*Work to complete*:
Pictures in the data below are not part of the copy; transcribe everything else exactly.

[Start of section]

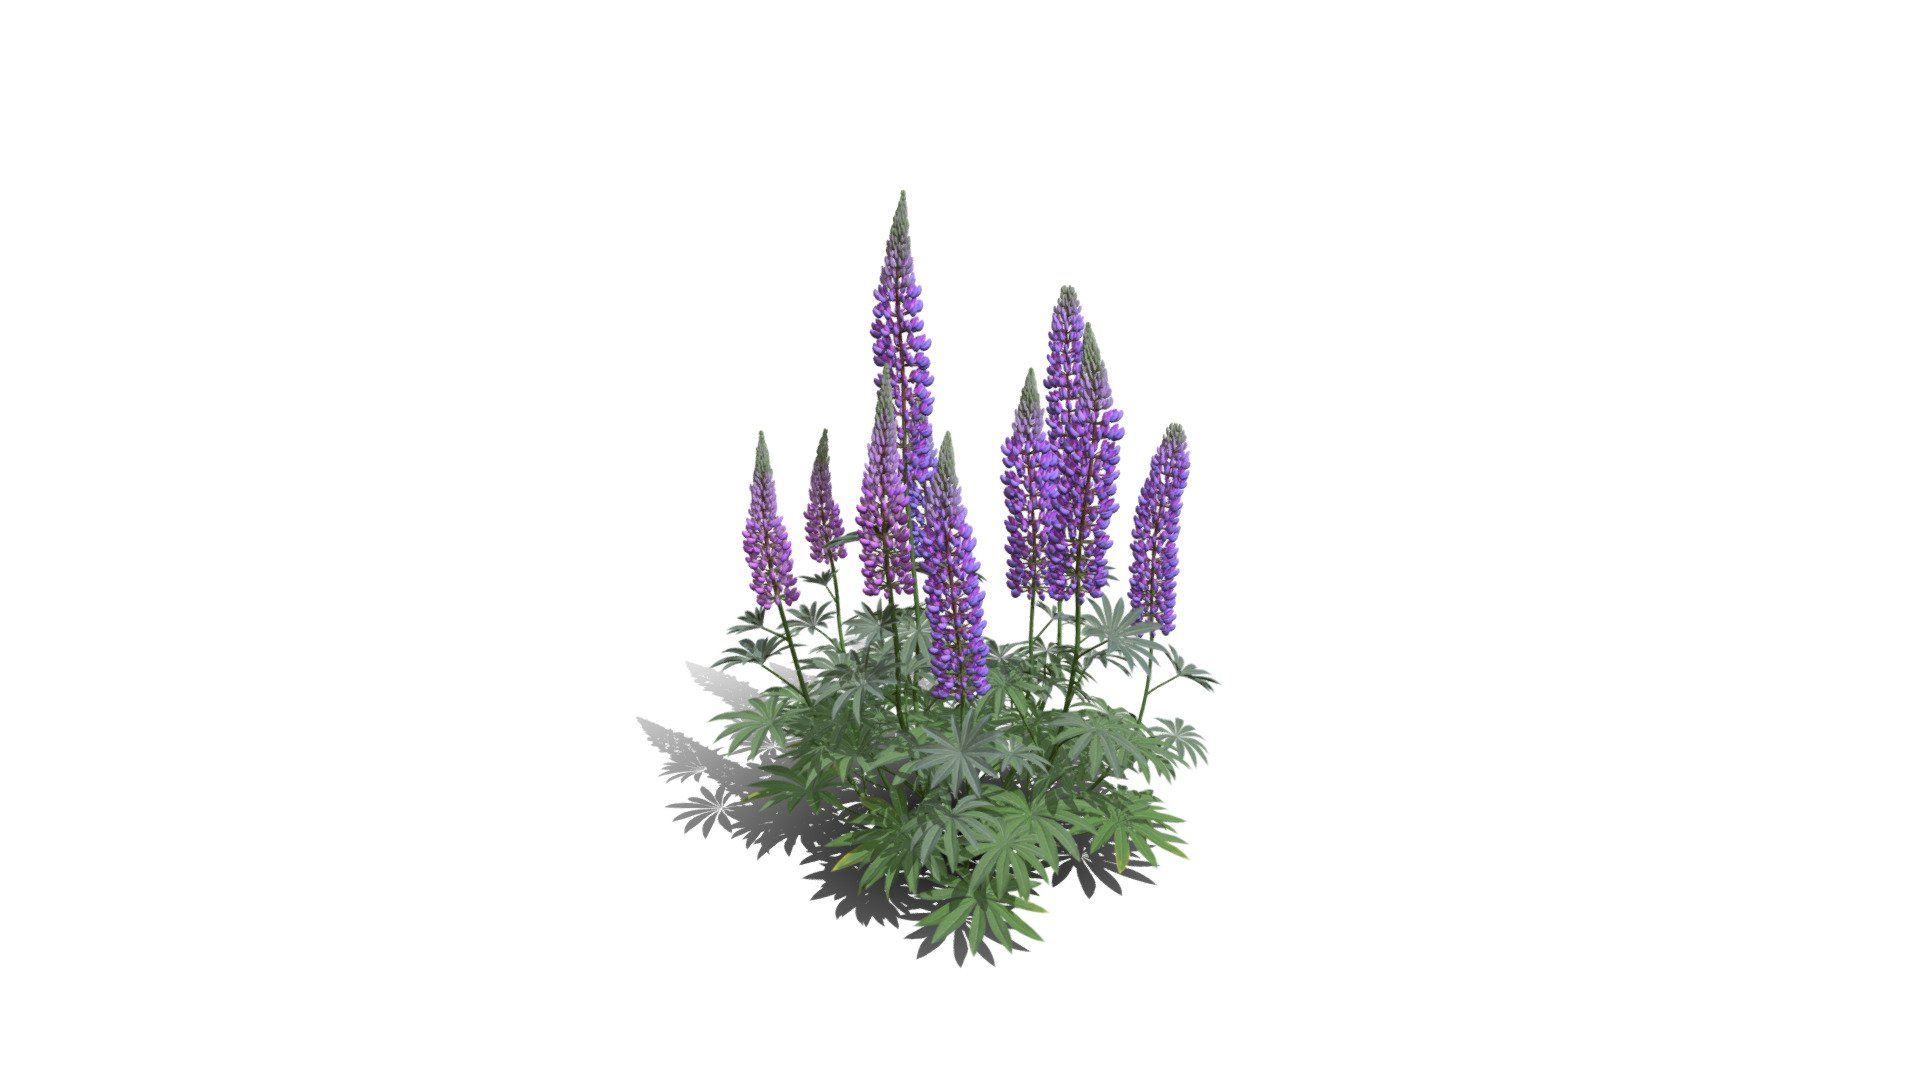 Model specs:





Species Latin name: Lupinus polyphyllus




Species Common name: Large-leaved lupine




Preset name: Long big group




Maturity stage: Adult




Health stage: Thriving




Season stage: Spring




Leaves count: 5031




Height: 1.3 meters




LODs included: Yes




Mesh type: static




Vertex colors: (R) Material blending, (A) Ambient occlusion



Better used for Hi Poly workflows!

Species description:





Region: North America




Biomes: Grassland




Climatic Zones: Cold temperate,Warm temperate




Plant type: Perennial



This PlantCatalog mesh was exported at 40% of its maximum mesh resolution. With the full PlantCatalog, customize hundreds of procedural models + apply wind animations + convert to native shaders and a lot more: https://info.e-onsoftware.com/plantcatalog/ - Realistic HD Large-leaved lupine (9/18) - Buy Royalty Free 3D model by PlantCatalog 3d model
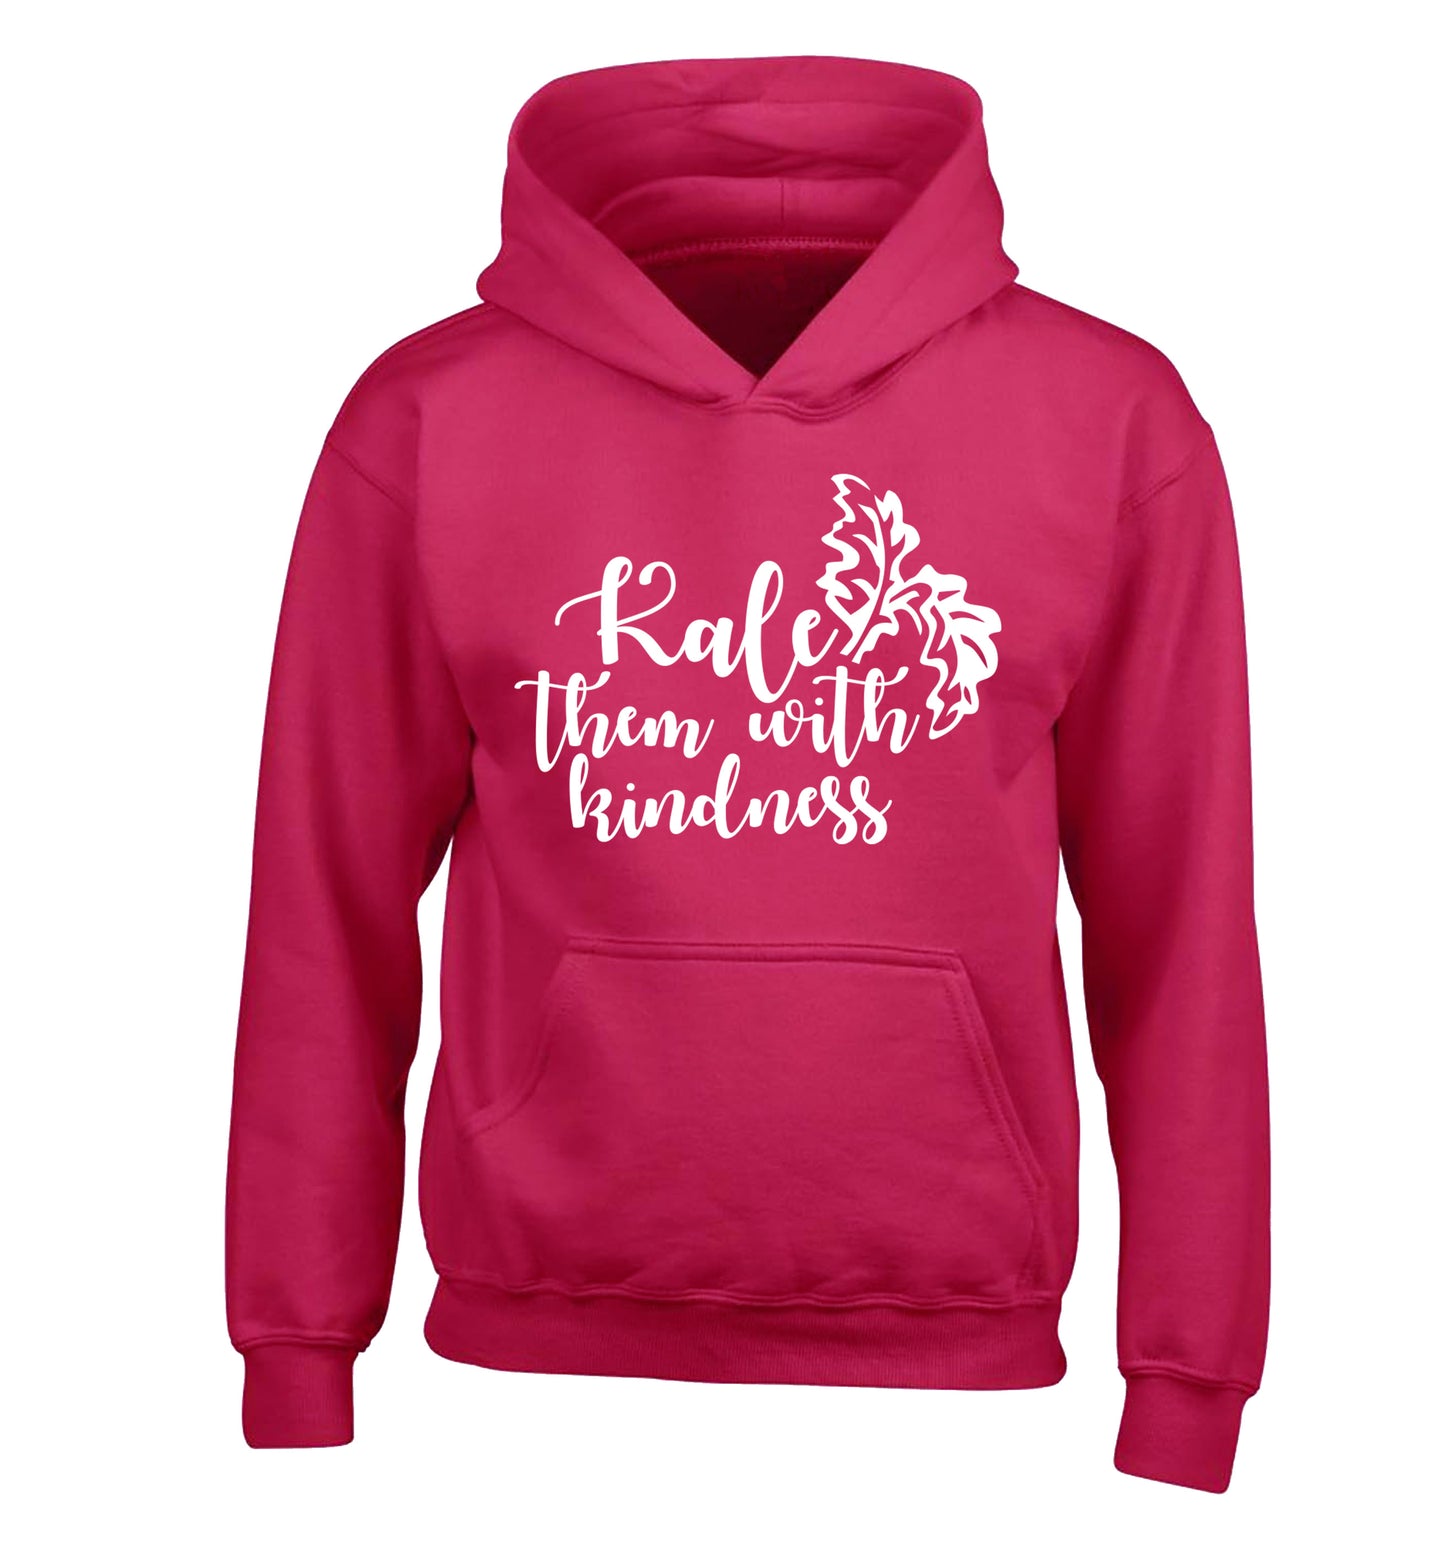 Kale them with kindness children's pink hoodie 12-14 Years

[End of section]

*Result for this exercise*:
 Model specs:





Species Latin name: Lupinus polyphyllus




Species Common name: Large-leaved lupine




Preset name: Long big group




Maturity stage: Adult




Health stage: Thriving




Season stage: Spring




Leaves count: 5031




Height: 1.3 meters




LODs included: Yes




Mesh type: static




Vertex colors: (R) Material blending, (A) Ambient occlusion



Better used for Hi Poly workflows!

Species description:





Region: North America




Biomes: Grassland




Climatic Zones: Cold temperate,Warm temperate




Plant type: Perennial



This PlantCatalog mesh was exported at 40% of its maximum mesh resolution. With the full PlantCatalog, customize hundreds of procedural models + apply wind animations + convert to native shaders and a lot more: https://info.e-onsoftware.com/plantcatalog/ - Realistic HD Large-leaved lupine (9/18) - Buy Royalty Free 3D model by PlantCatalog 3d model
 Kale them with kindness children's pink hoodie 12-14 Years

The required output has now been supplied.